RECORDED INFORMATION
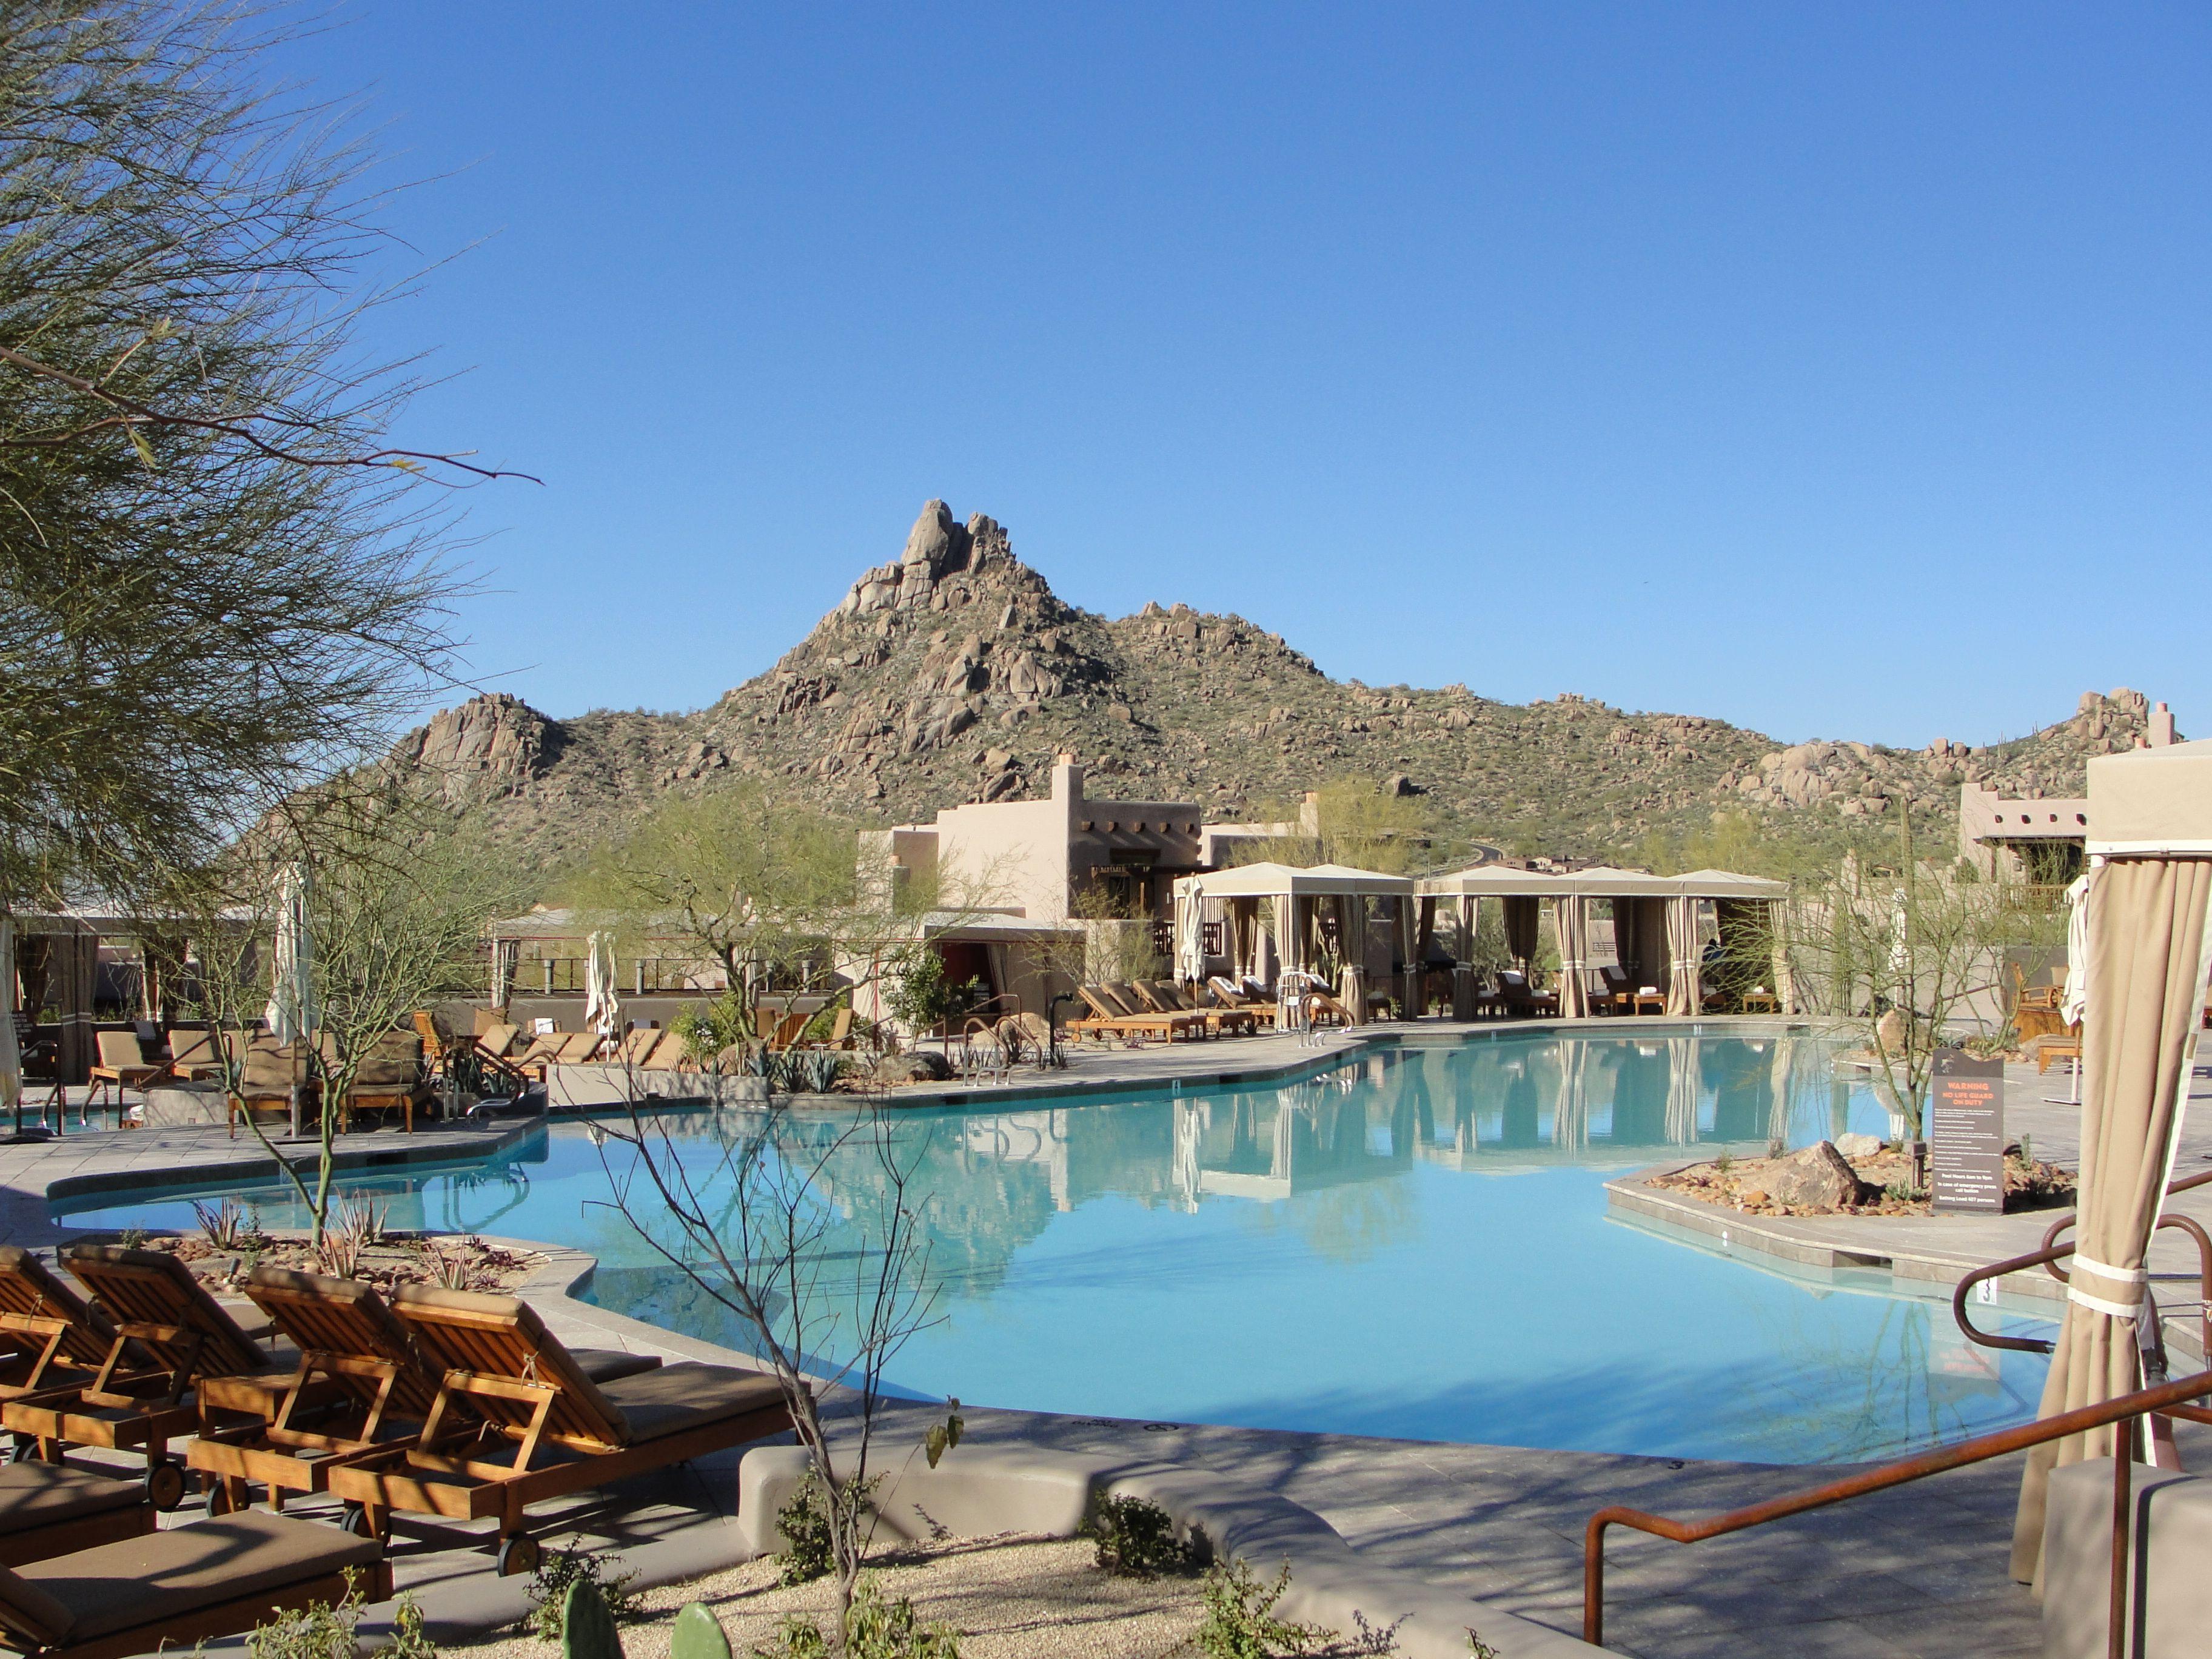 4 Seasons A Mile From Home Scottsdale Az Favorite Places Scottsdale Places
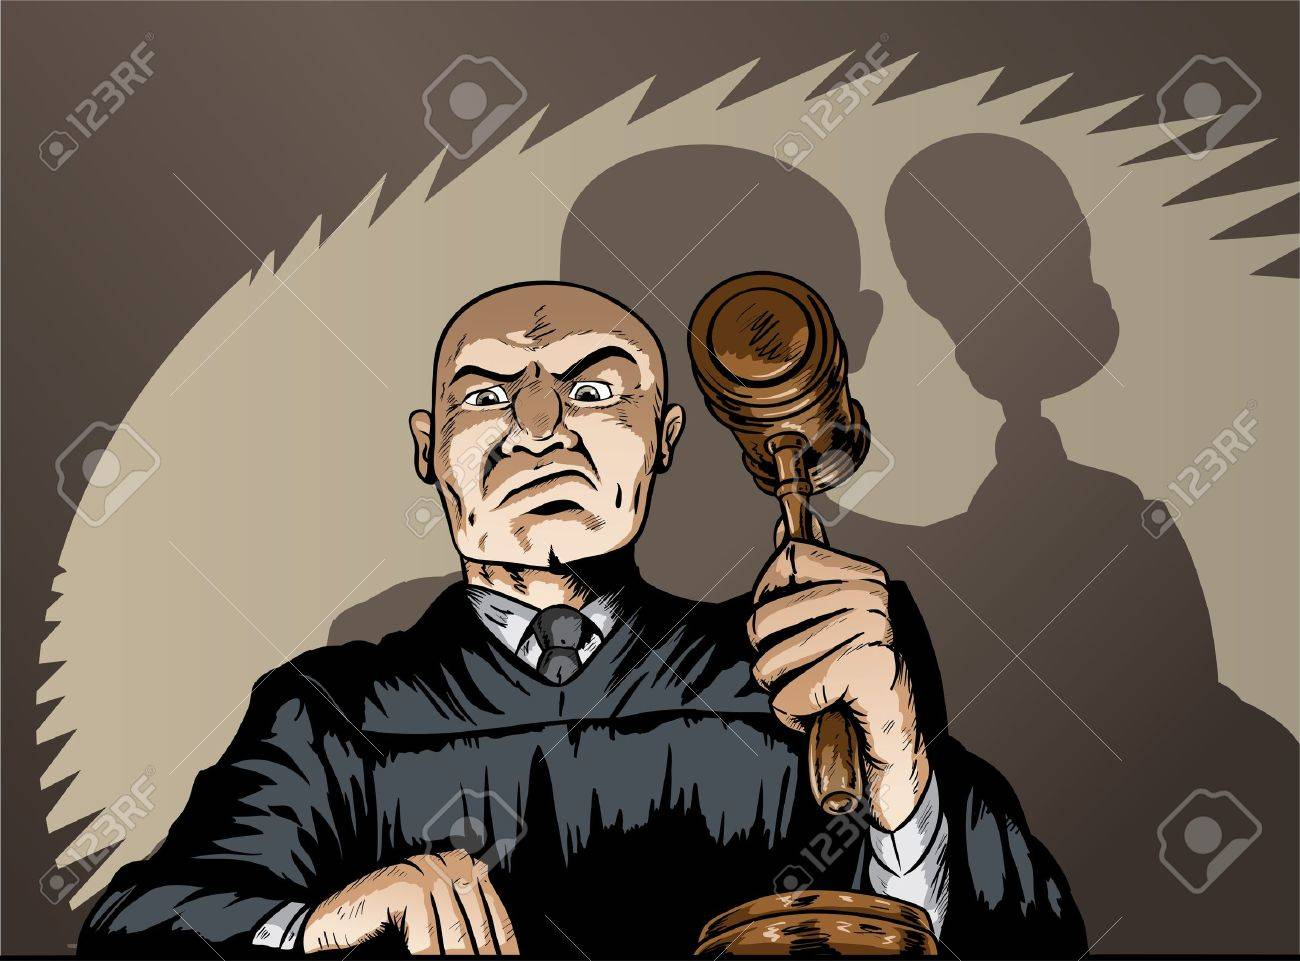 Stern Judge - 13617994
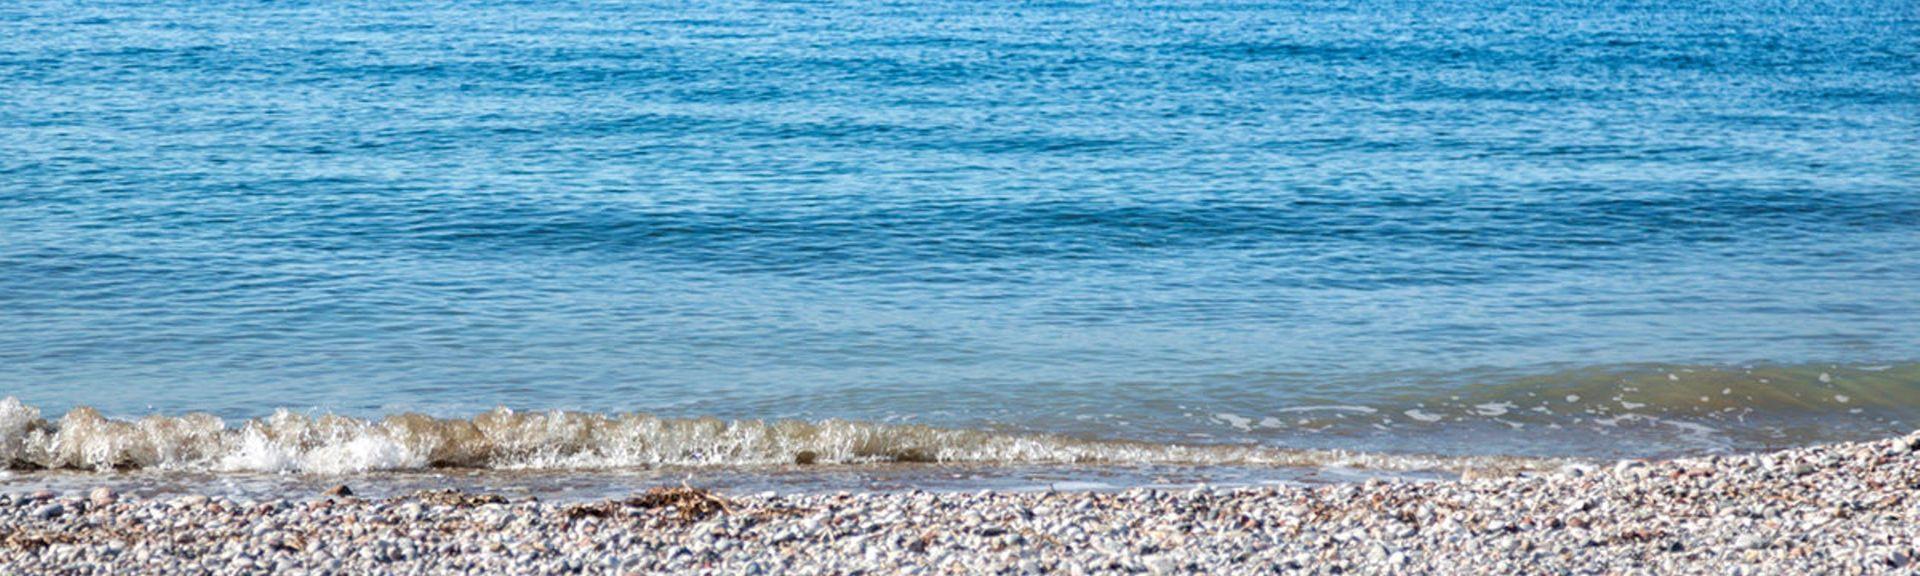 Faliraki, Egeiska öarna, Grekland
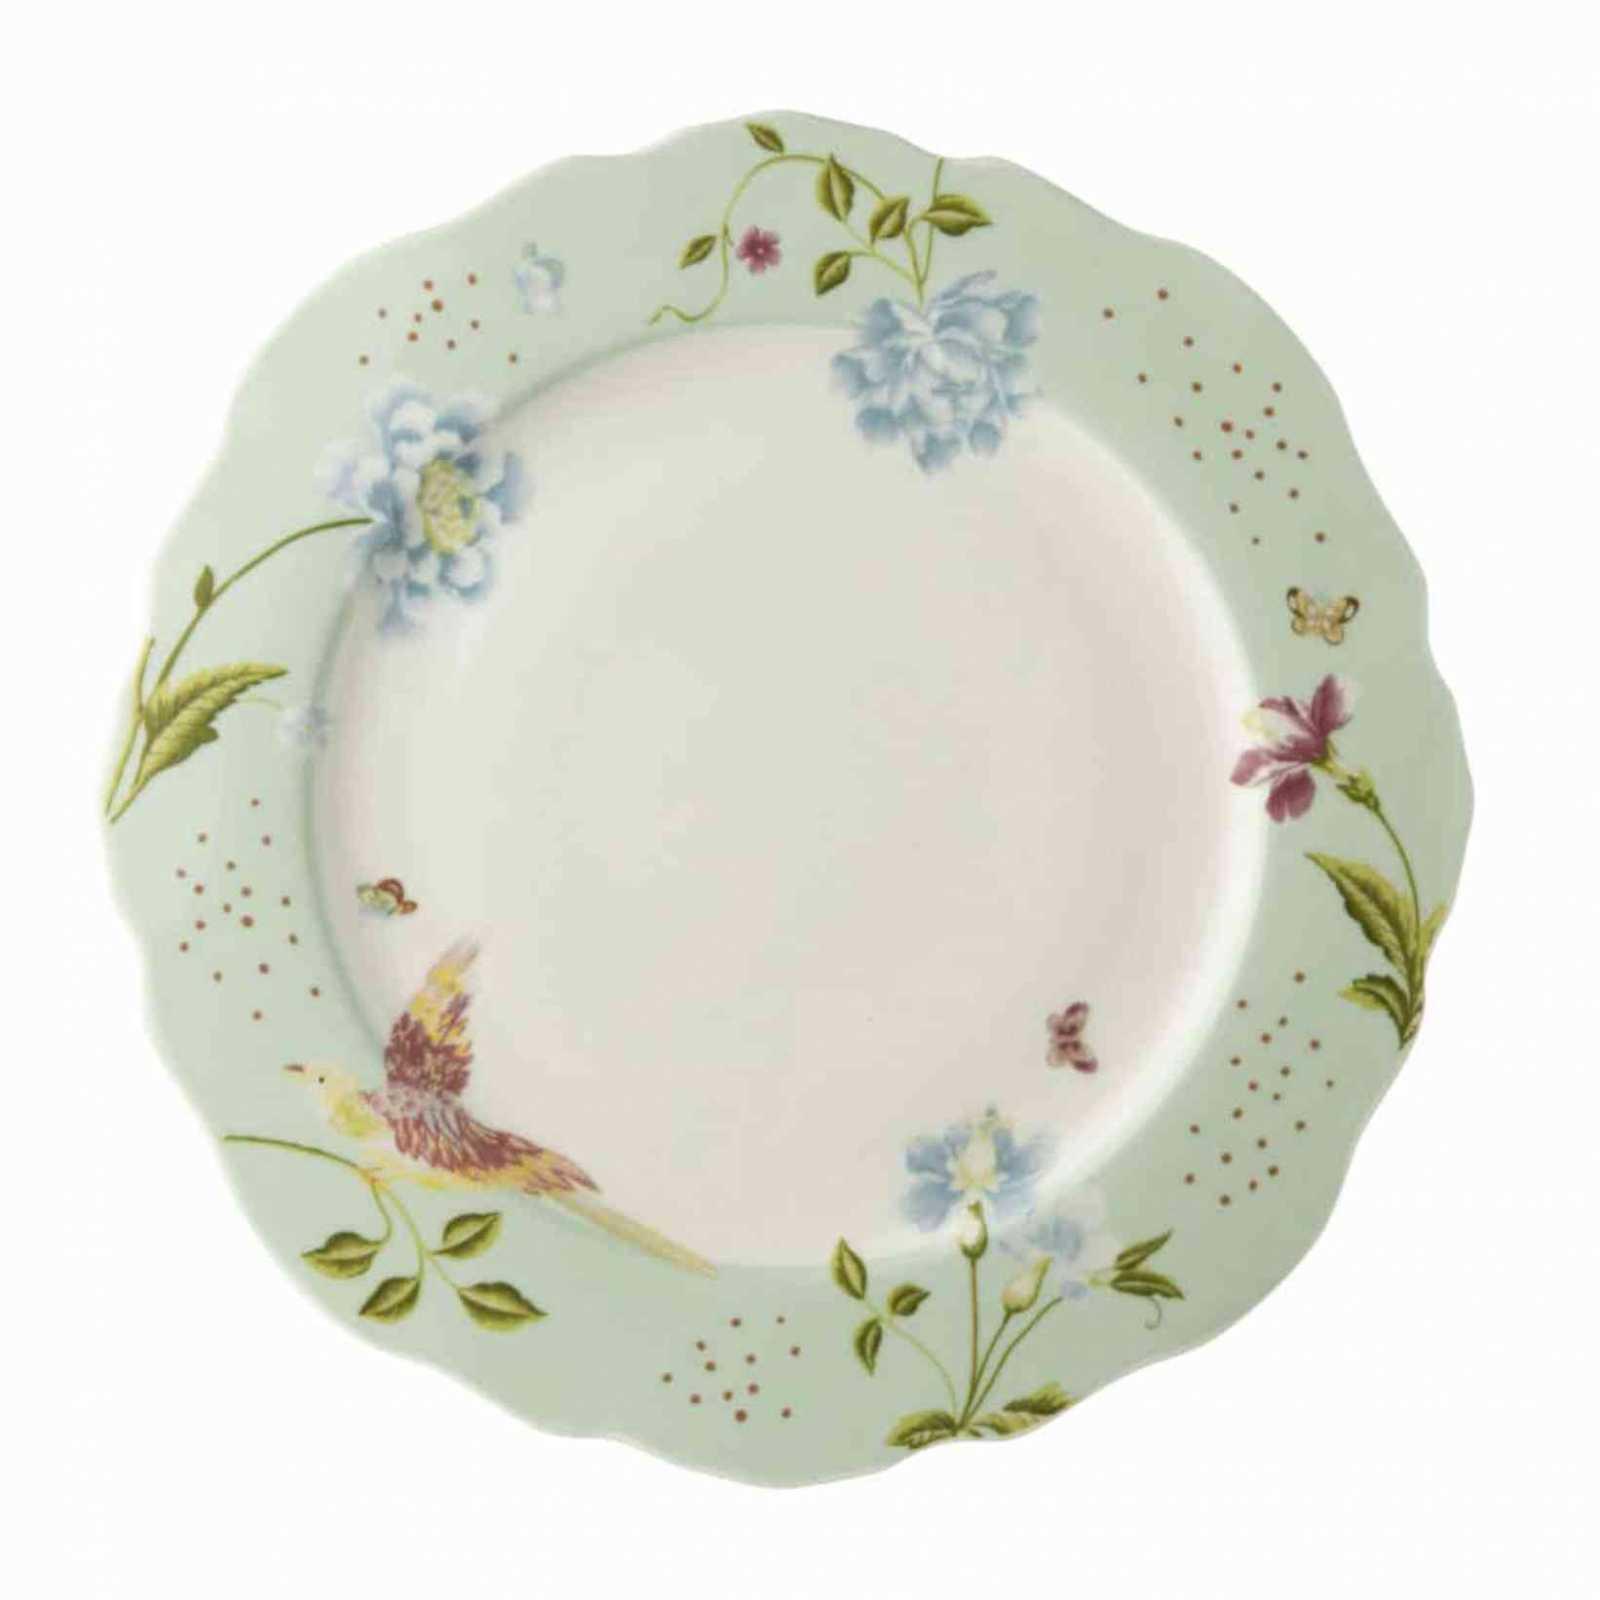 Онлайн каталог PROMENU: Тарелка Laura Ashley HERITAGE, диаметр 24,5 см, ментоловый с цветами и птицей                               180454

PROMPT
Please copy out the material above exactly, with the images removed.

OUTPUT
 4 Seasons A Mile From Home Scottsdale Az Favorite Places Scottsdale Places
 Stern Judge - 13617994
 Faliraki, Egeiska öarna, Grekland
 Онлайн каталог PROMENU: Тарелка Laura Ashley HERITAGE, диаметр 24,5 см, ментоловый с цветами и птицей                               180454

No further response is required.